Provided material.
Start of Block

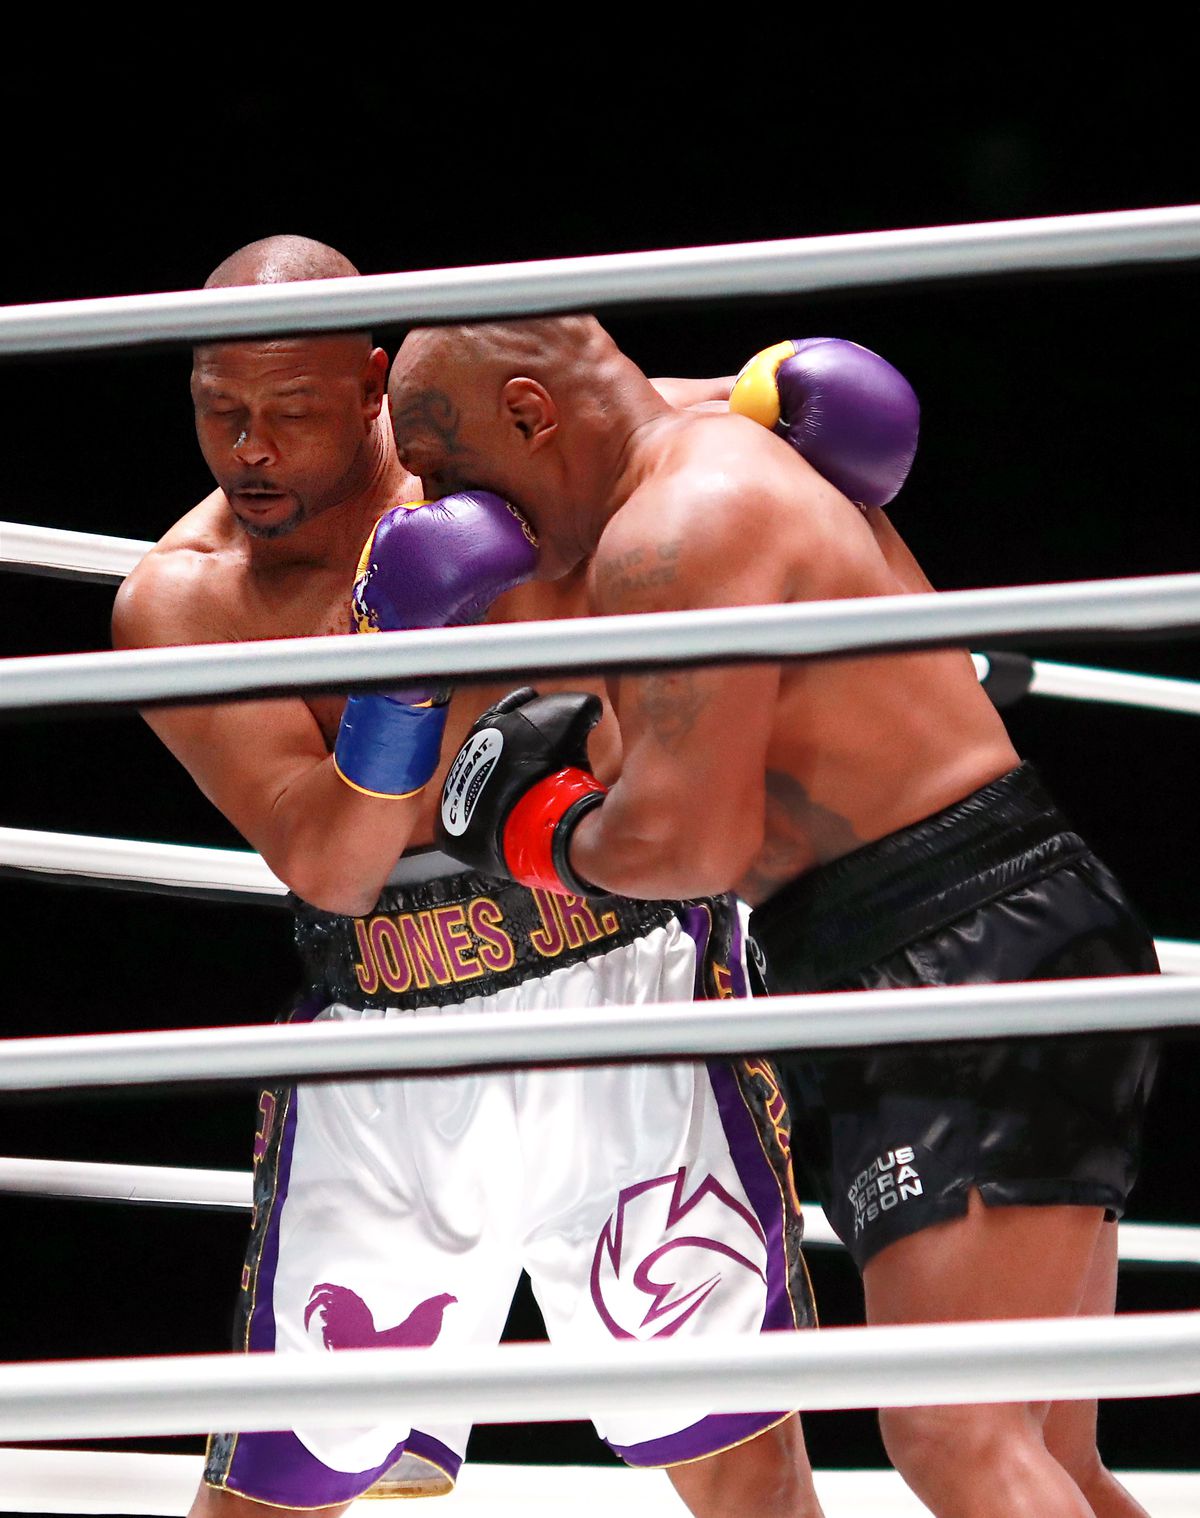 O nouă luptă între Mike Tyson și Roy Jones Jr.? „Trebuie să o mai facem o dată!”
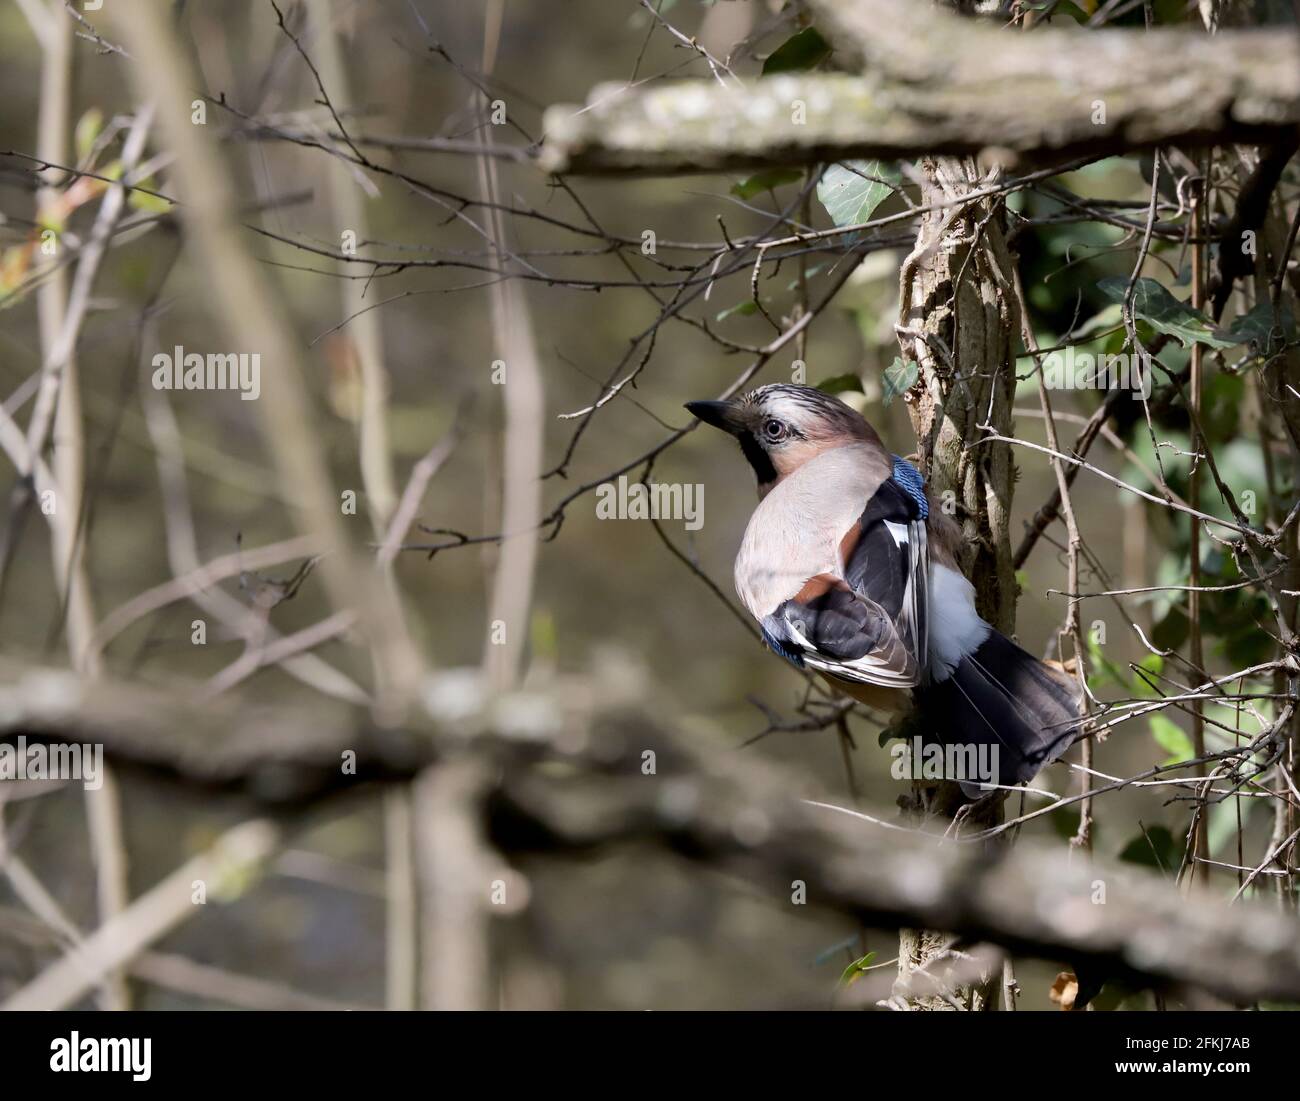 Eurasischer eichelhäher (Garrulus glandarius) oder Eichelhäher-Vogel auf einem Ast, Corvidae Stockfoto
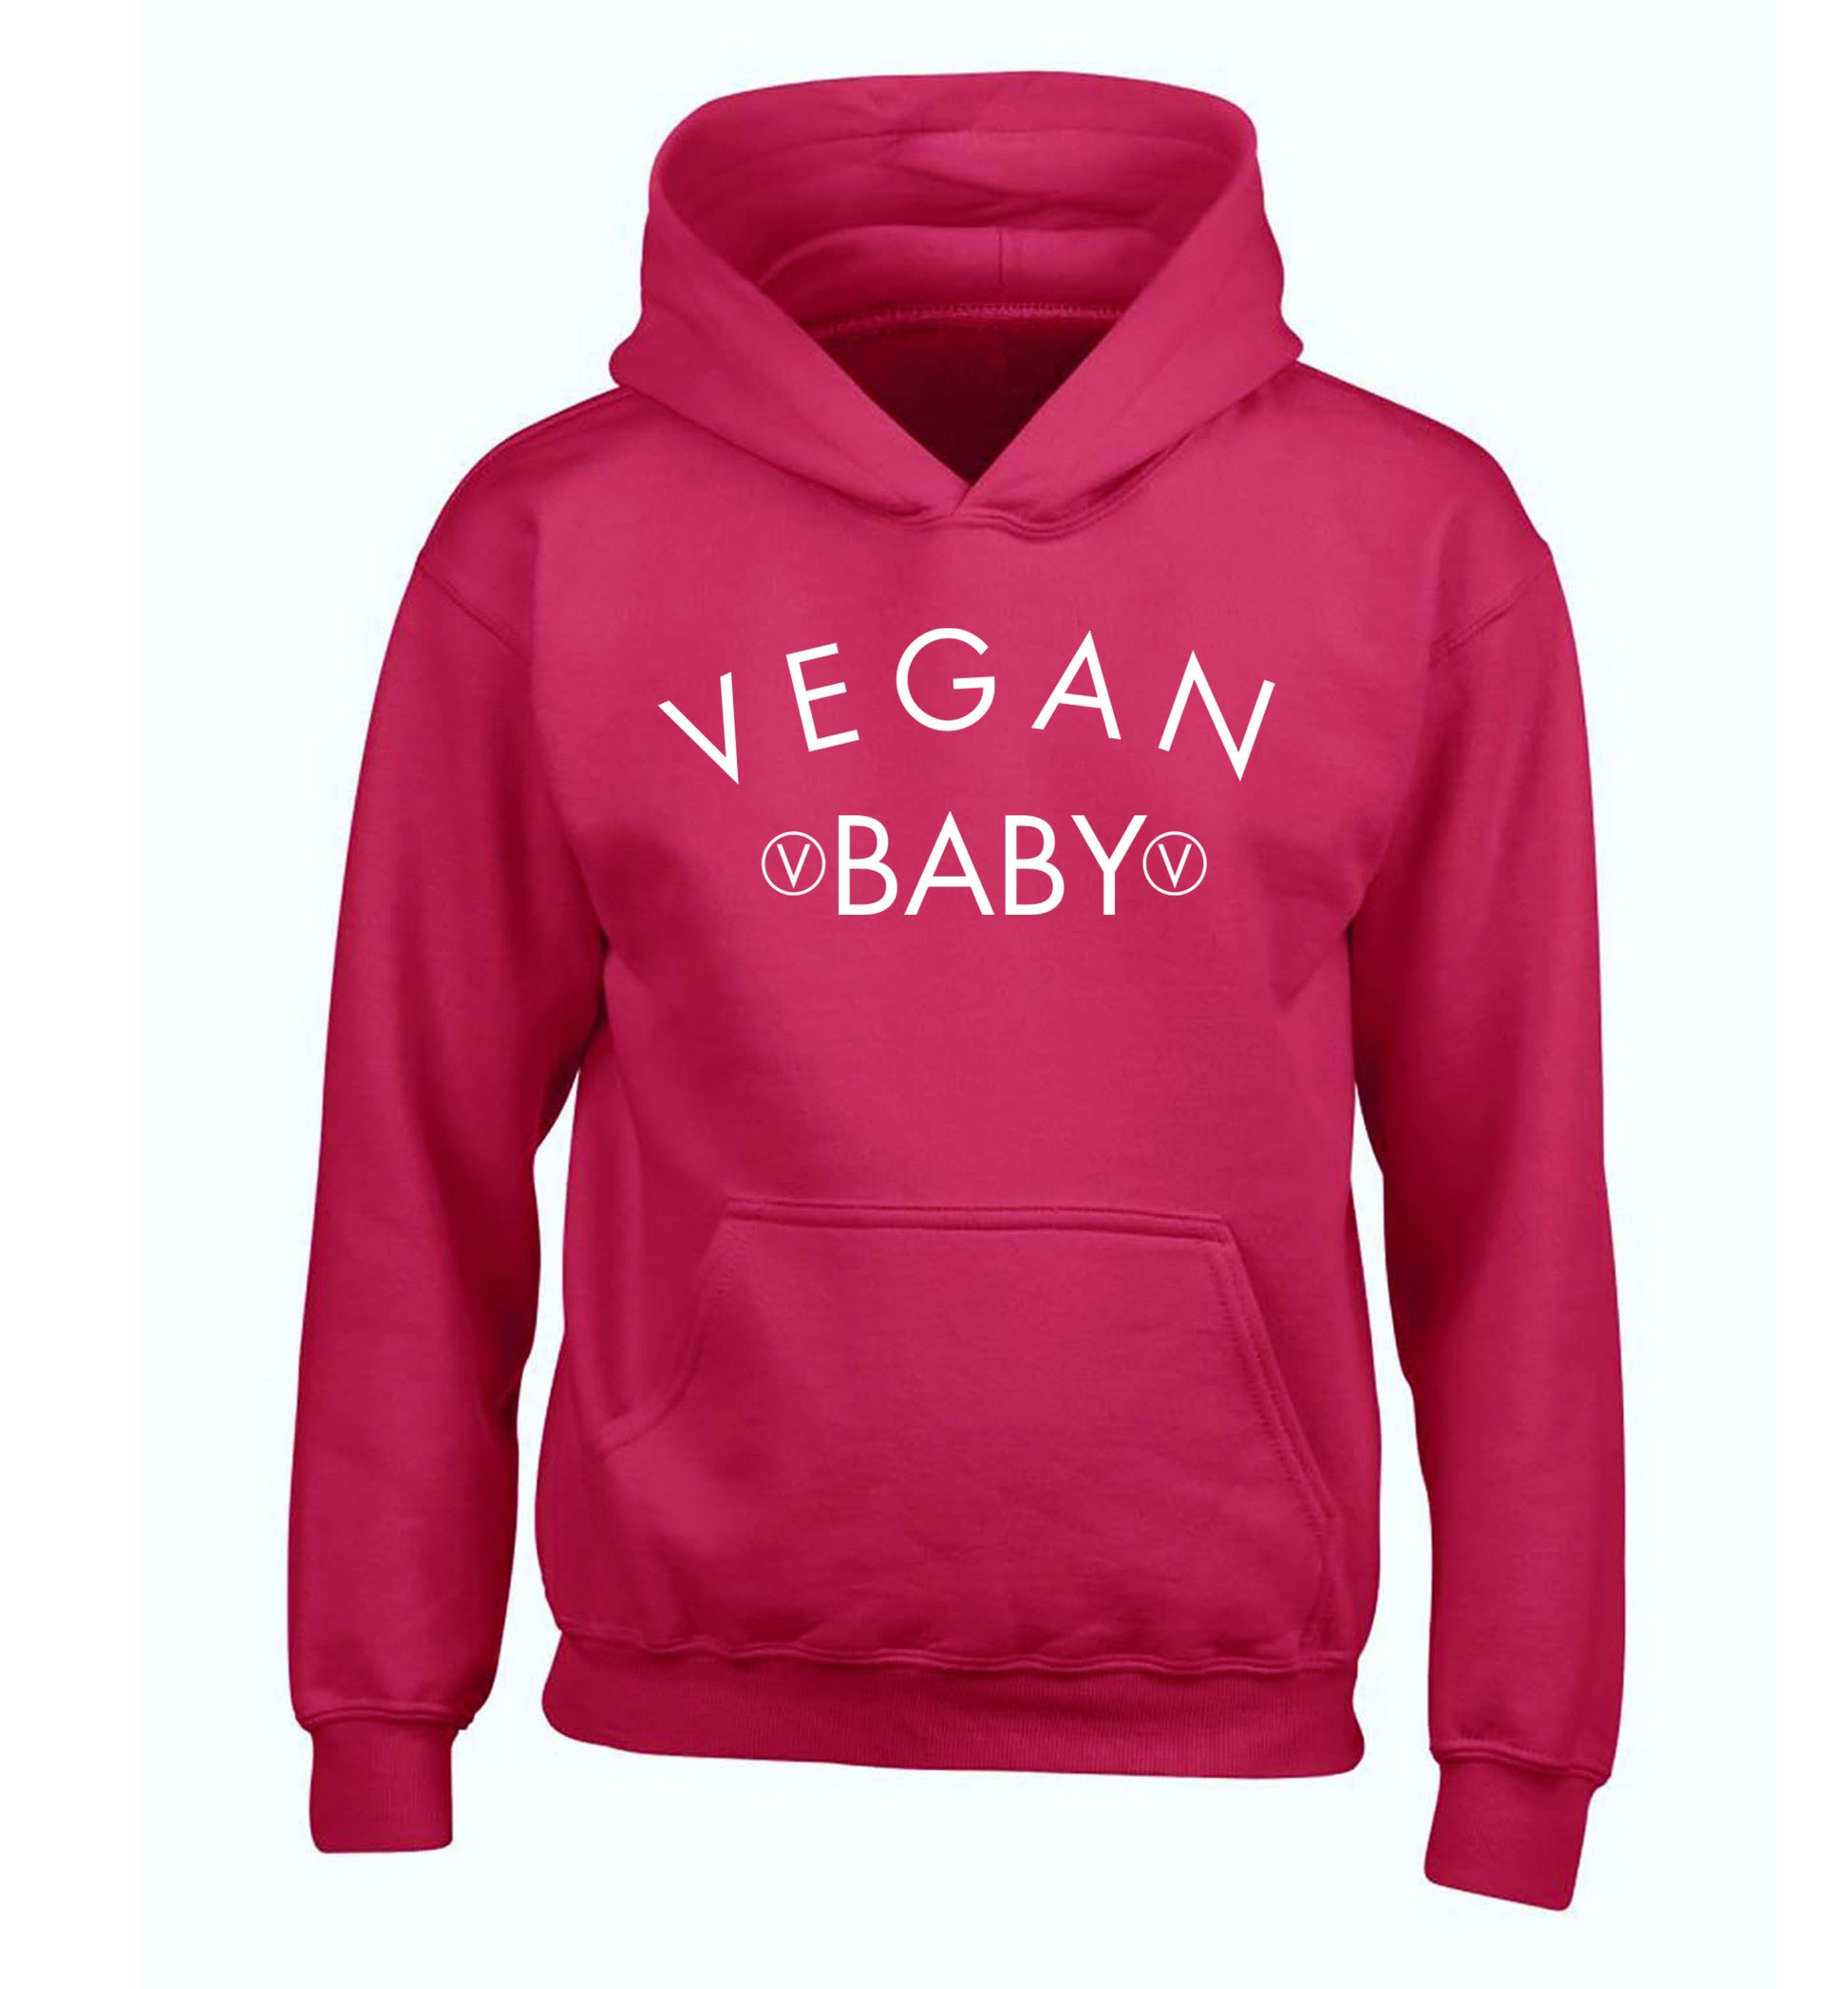 Vegan baby children's pink hoodie 12-14 Years
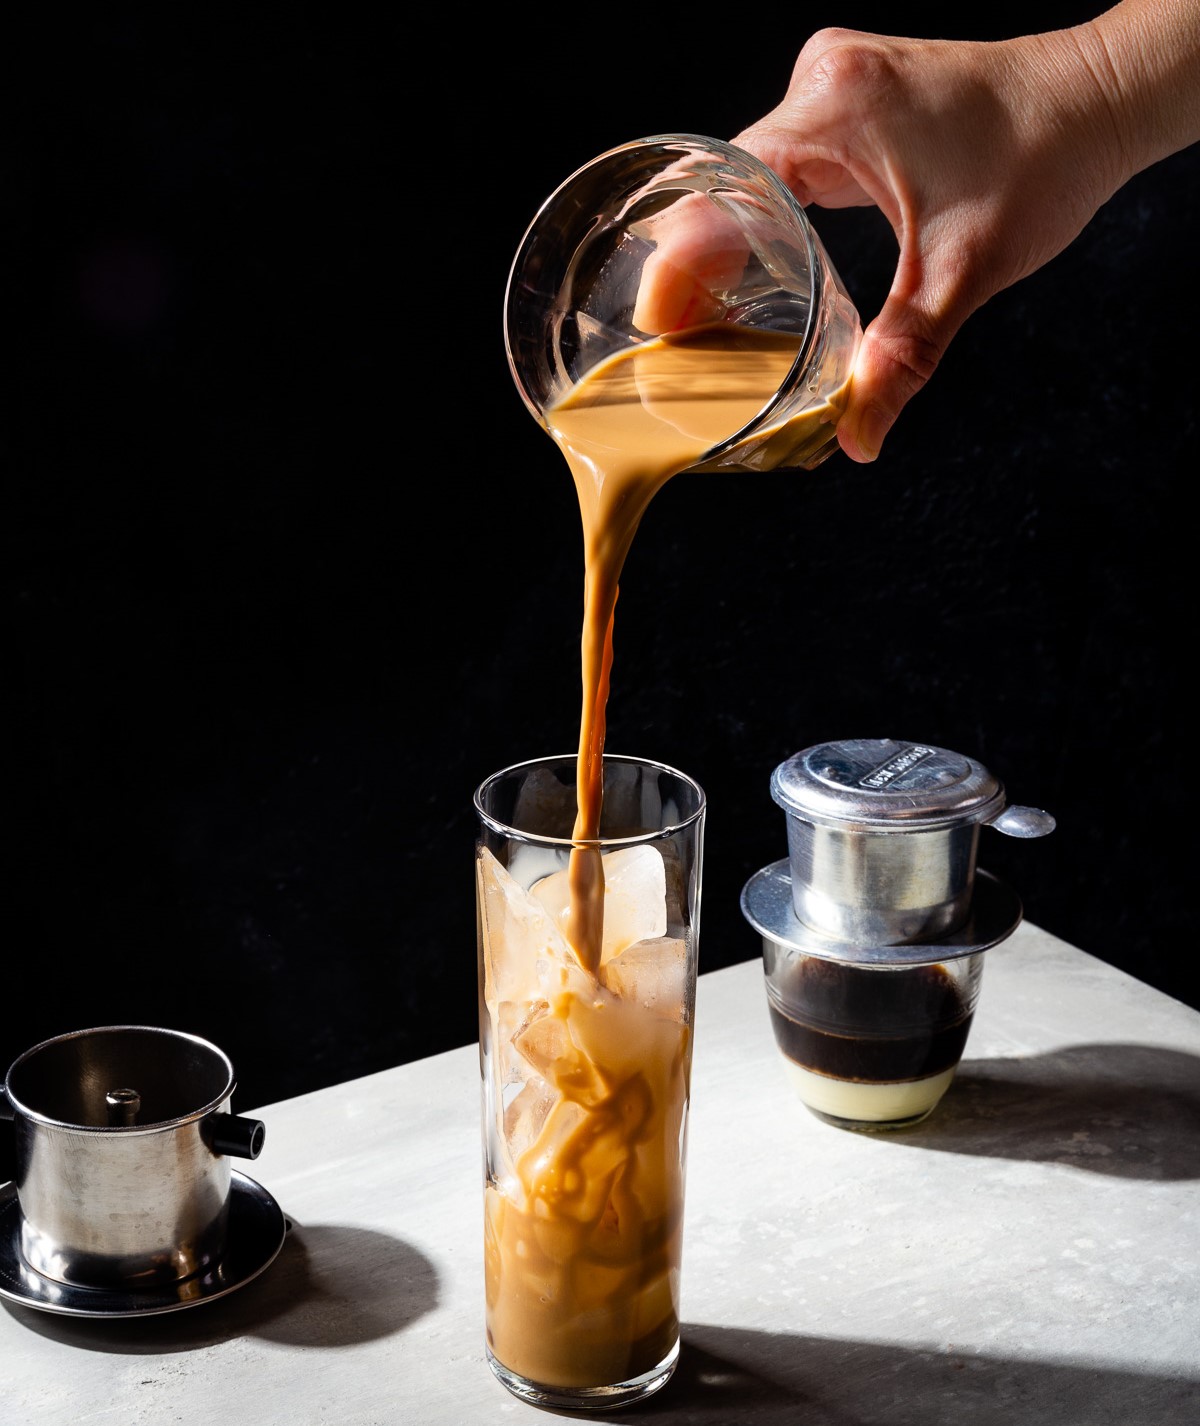 Cà phê là đặc sản Việt

End of Block

Problem requirements. Wherever an image sits in the data, omit it; everything else must be copied exactly.

The completed task.
 O nouă luptă între Mike Tyson și Roy Jones Jr.? „Trebuie să o mai facem o dată!”
 Eurasischer eichelhäher (Garrulus glandarius) oder Eichelhäher-Vogel auf einem Ast, Corvidae Stockfoto
 Vegan baby children's pink hoodie 12-14 Years
 Cà phê là đặc sản Việt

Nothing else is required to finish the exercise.